Friday, December 07, 2007

Waking dreams

So the other evening I had what I'd call a waking nightmare. I was getting ready for bed. I'd spent the evening feeling very sick and horrible, and as I was climbing under the covers hoping that sleep would help to erase the bad day - a thought popped into my head.
What if I never wake up?

It came through with such clarity, such an affirmation that this would happen.
If I closed my eyes I would never wake up again. What a terrifying thought.
I sat wide eyed for awhile in bed, too creeped out to go to sleep. Cried a little at the thought of what I'd miss out on in my life if I did never wake up.
Vladdy came to bed and gave me a cuddle and assured me he would do his best to wake me up no matter what.

But...despite the fact that I did wake up the next morning. And the morning after that...my brain now keeps jumping back to that panic-inducing thought.
What if I died tomorrow?
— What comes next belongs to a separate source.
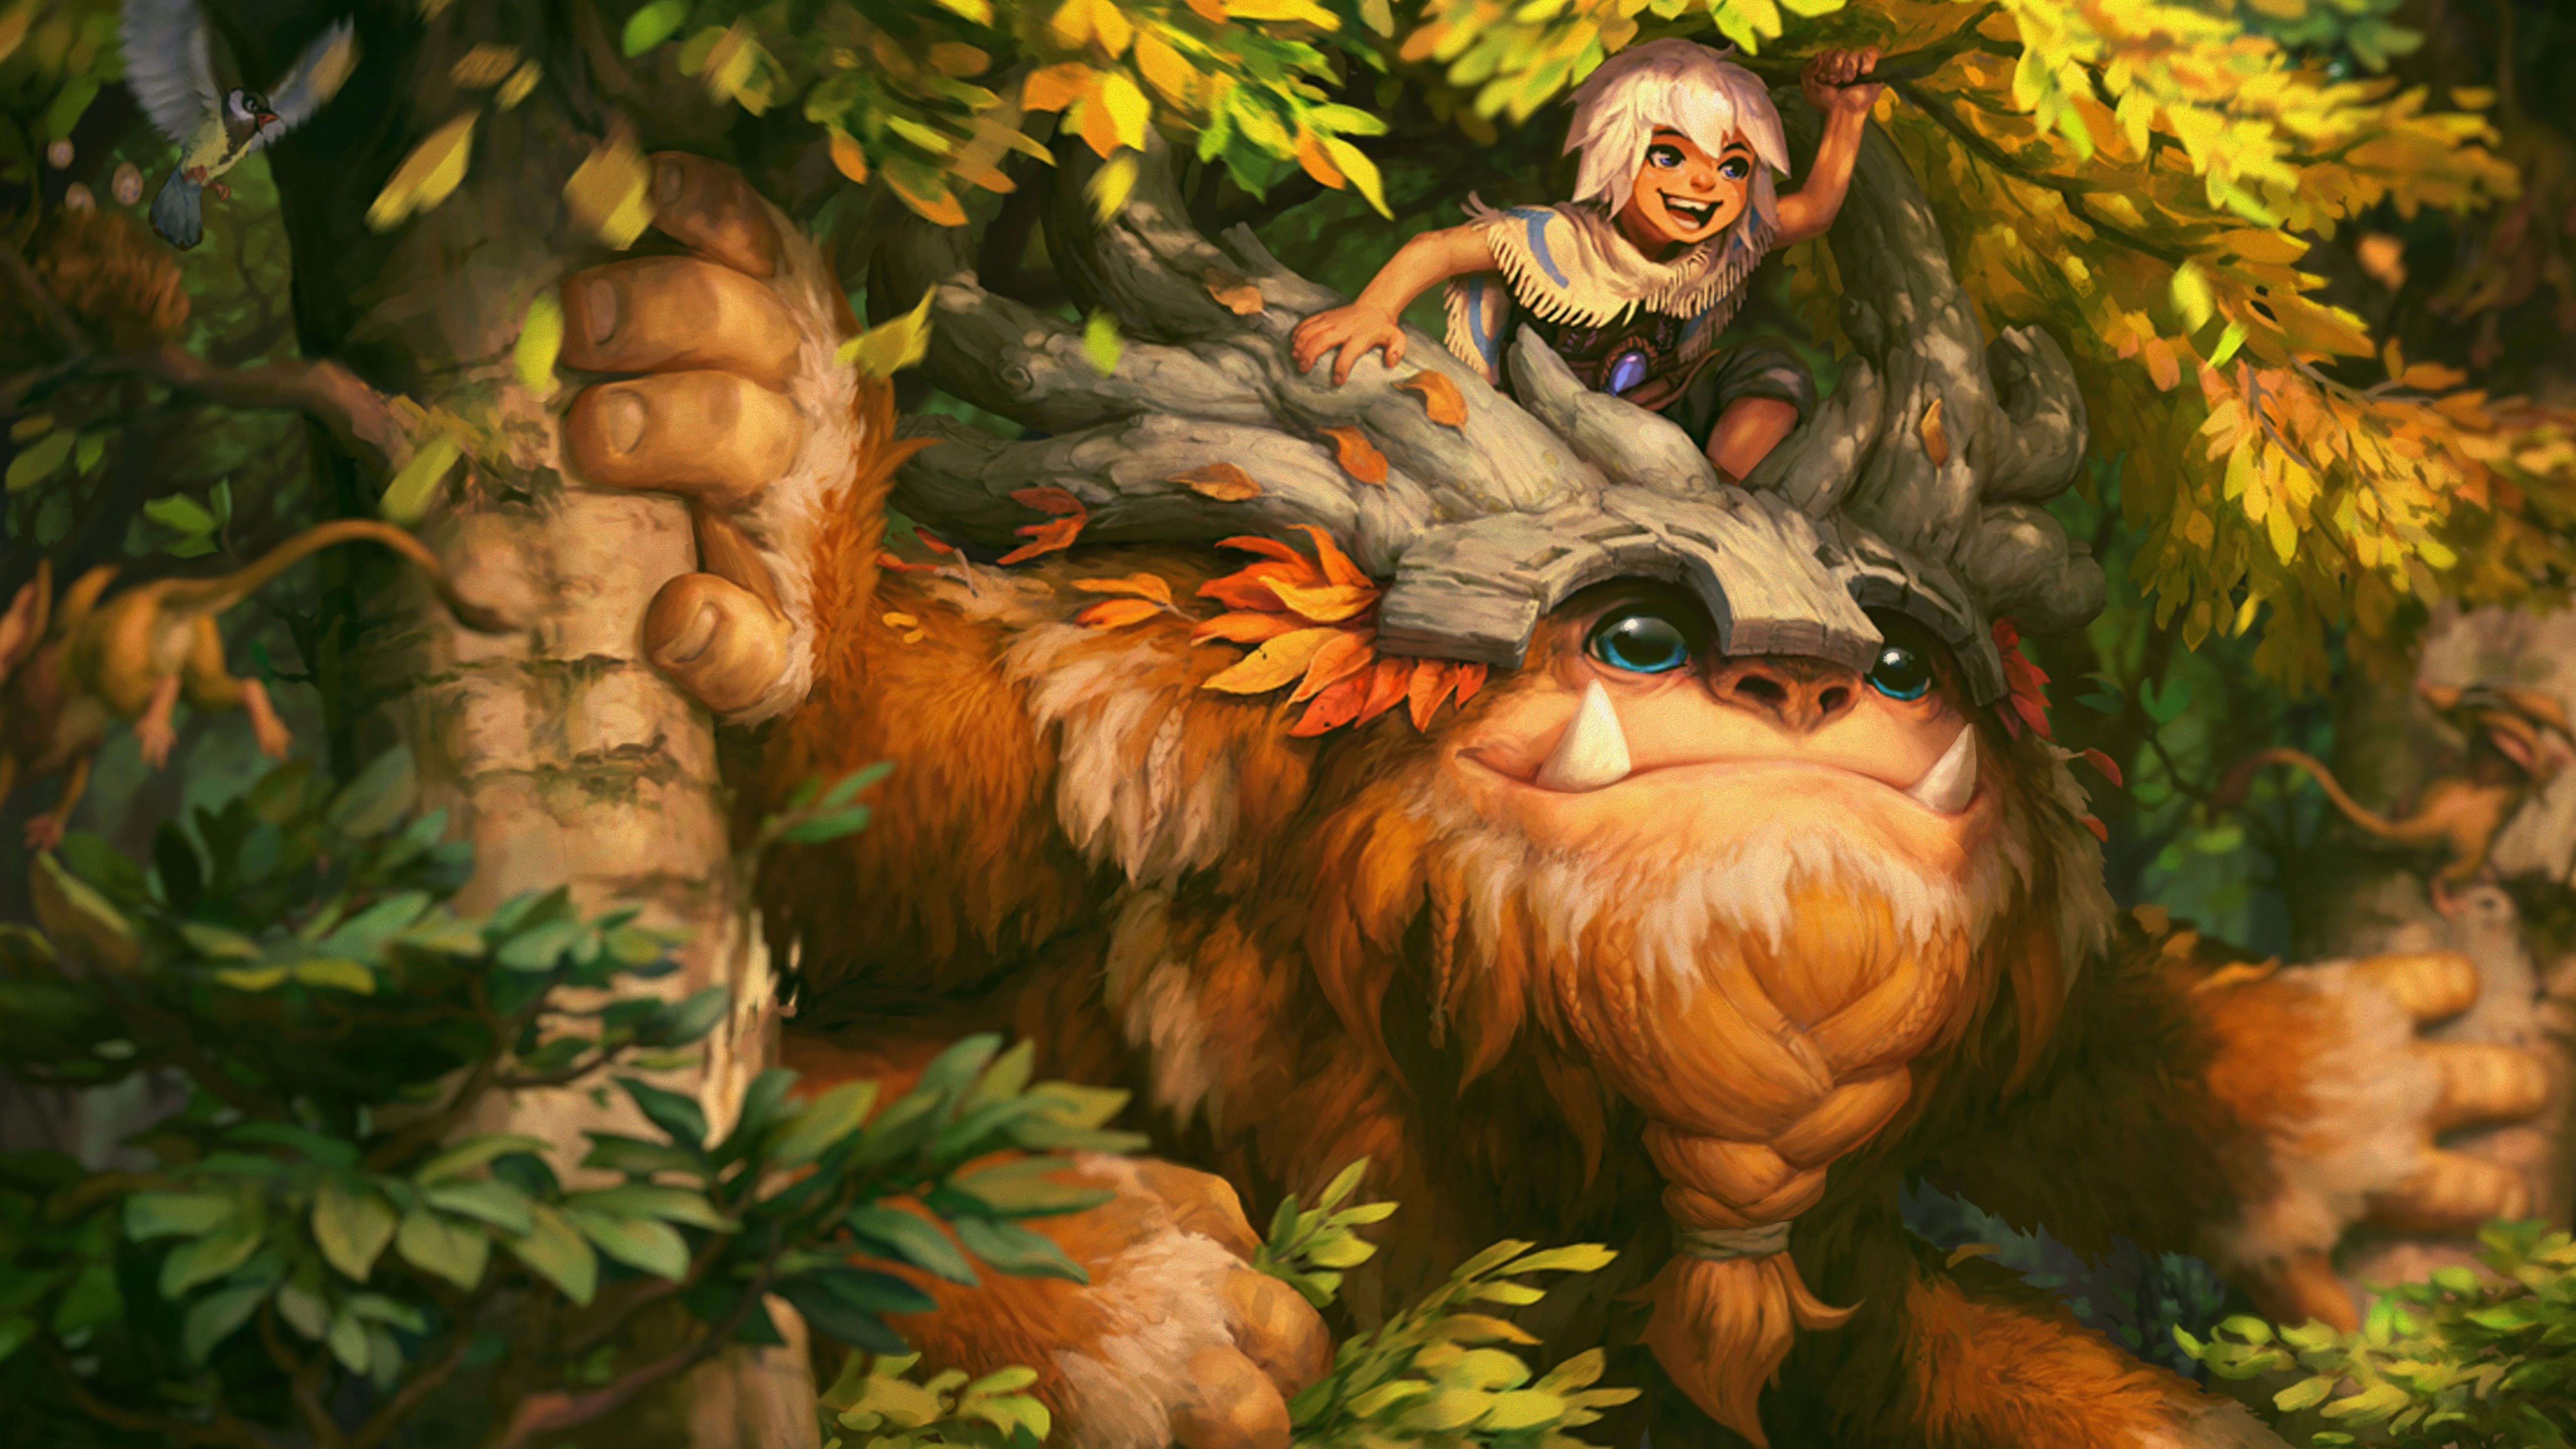 Sasquatch Nunu New Splash Art Rework Update Lol League Of Legends Lol Nunu League Of Lege League Of Legends Lol League Of Legends League Of Legends Characters
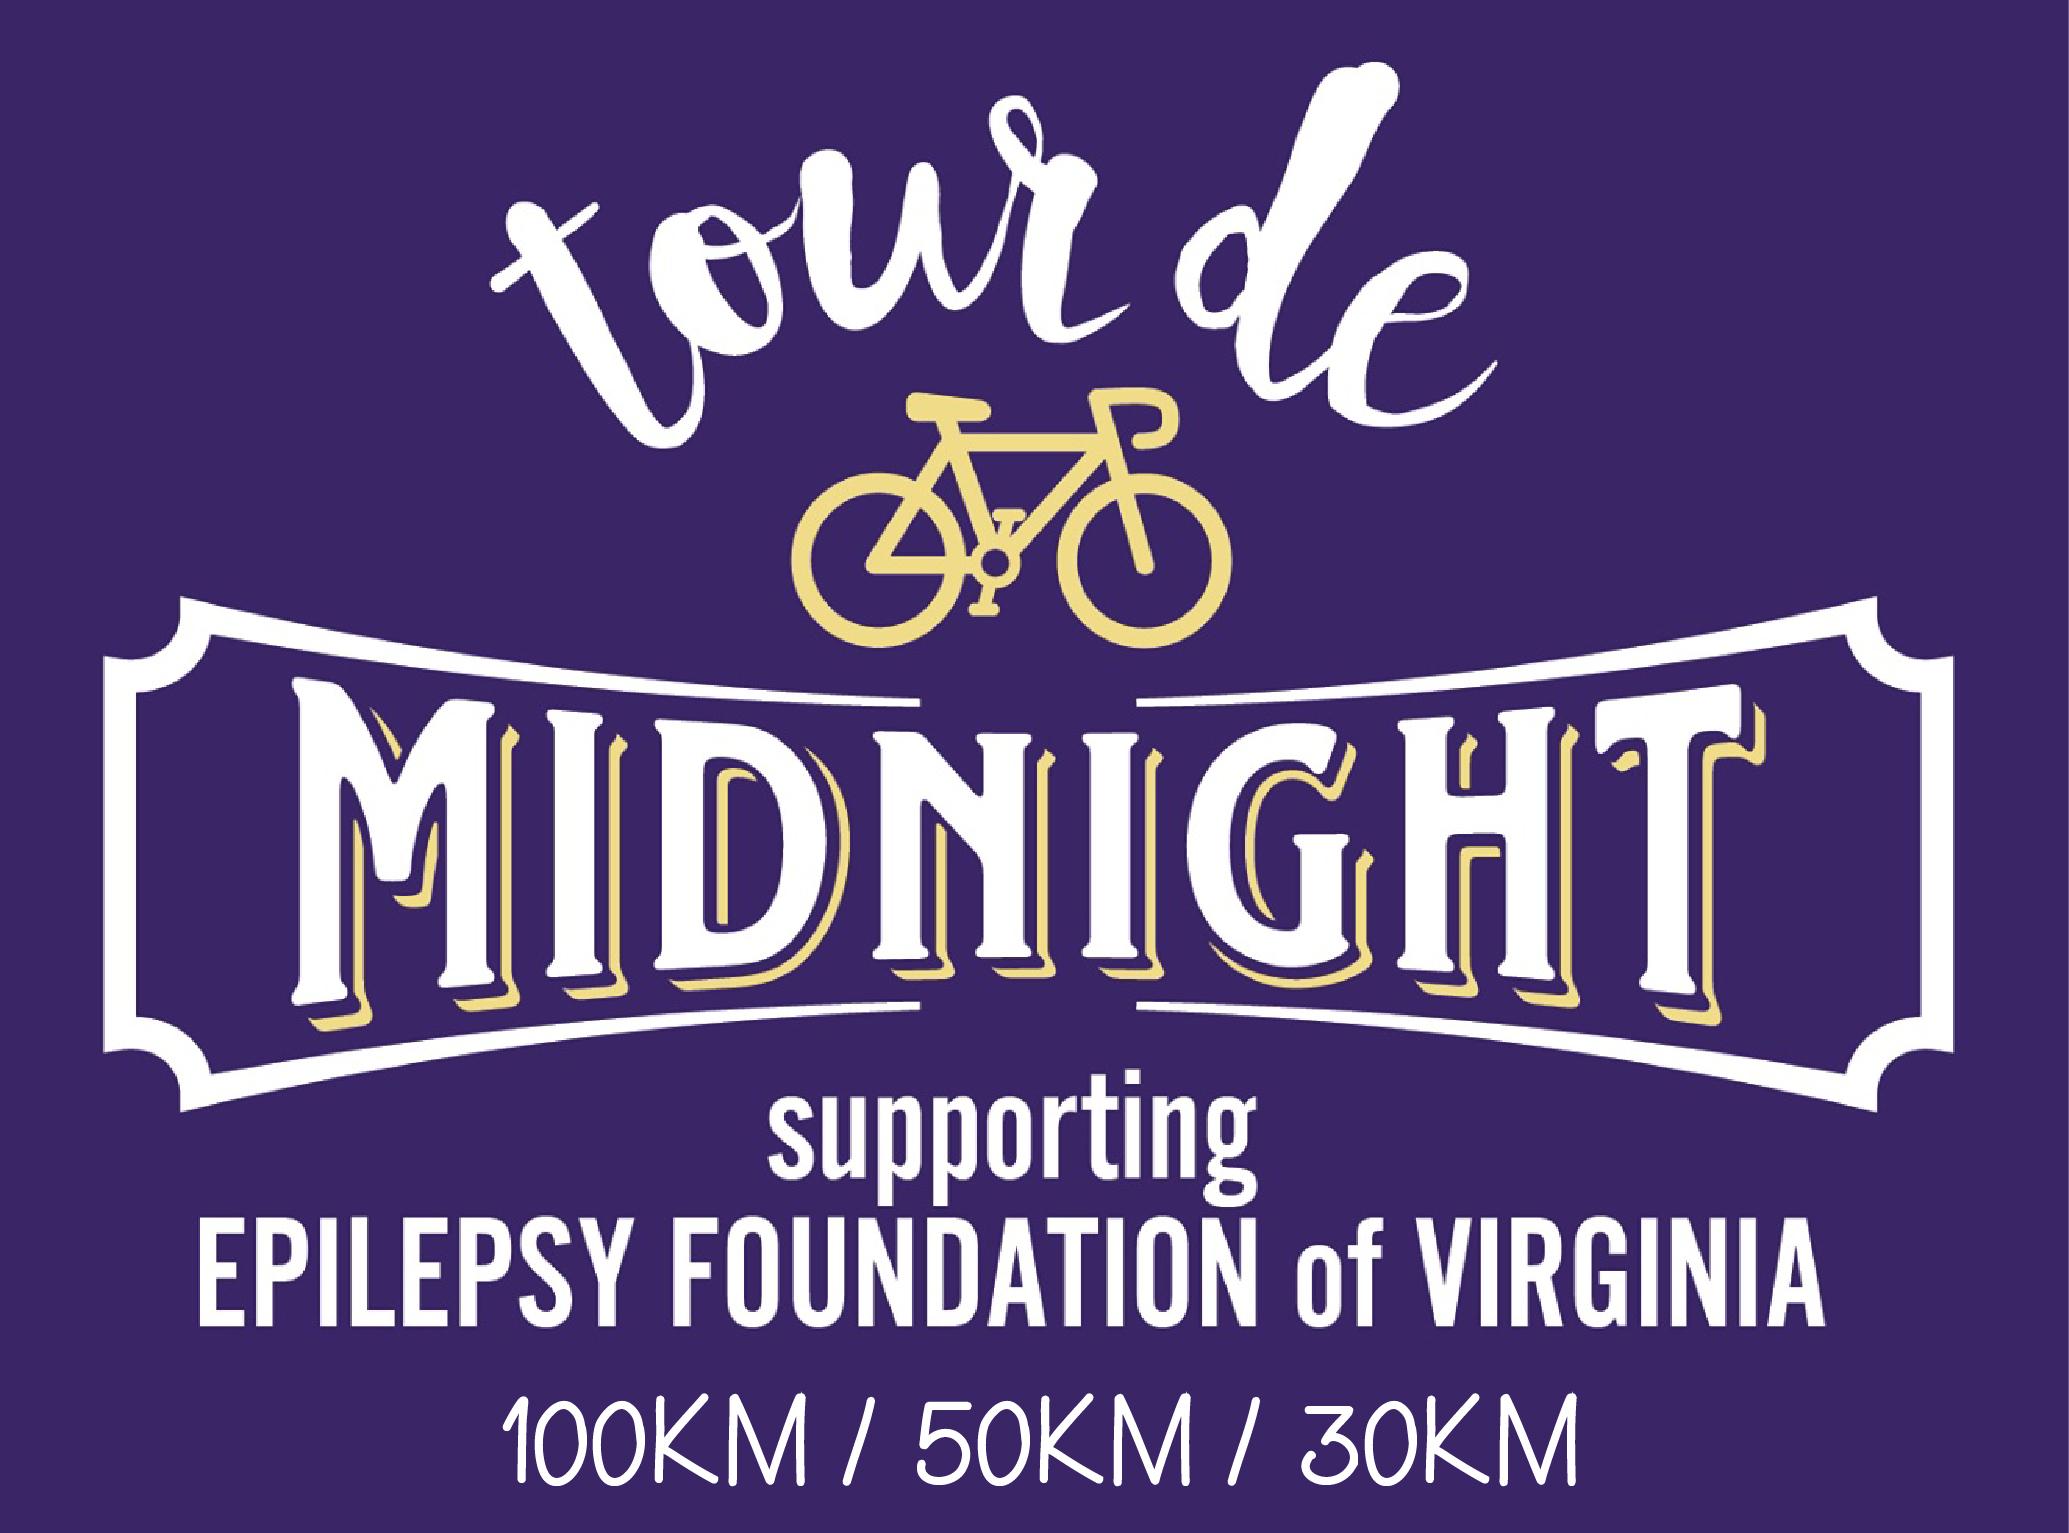 Epilepsy Foundation of Virginia

Have I done everything I want to do? Have I reached that plateau of happiness that seems to be everyone's goal in life?

I think the answer is "not quite". I'm working on it - but havent quite gotten there yet.
I hope the next few nights of sleep will be peaceful and maybe once this bad dream has faded from memory I can work on acheiving the happiness I really, truly want.

1 comment:

Shada said...

That is a scary thought to live with, and I remember there are many nights that I dealt with the same issue.

I think you'll come to a point in your life where you'll realize what you need to truly make you happy, to make your life worthwhile, but it will take some soul-searching. I pray that you find it.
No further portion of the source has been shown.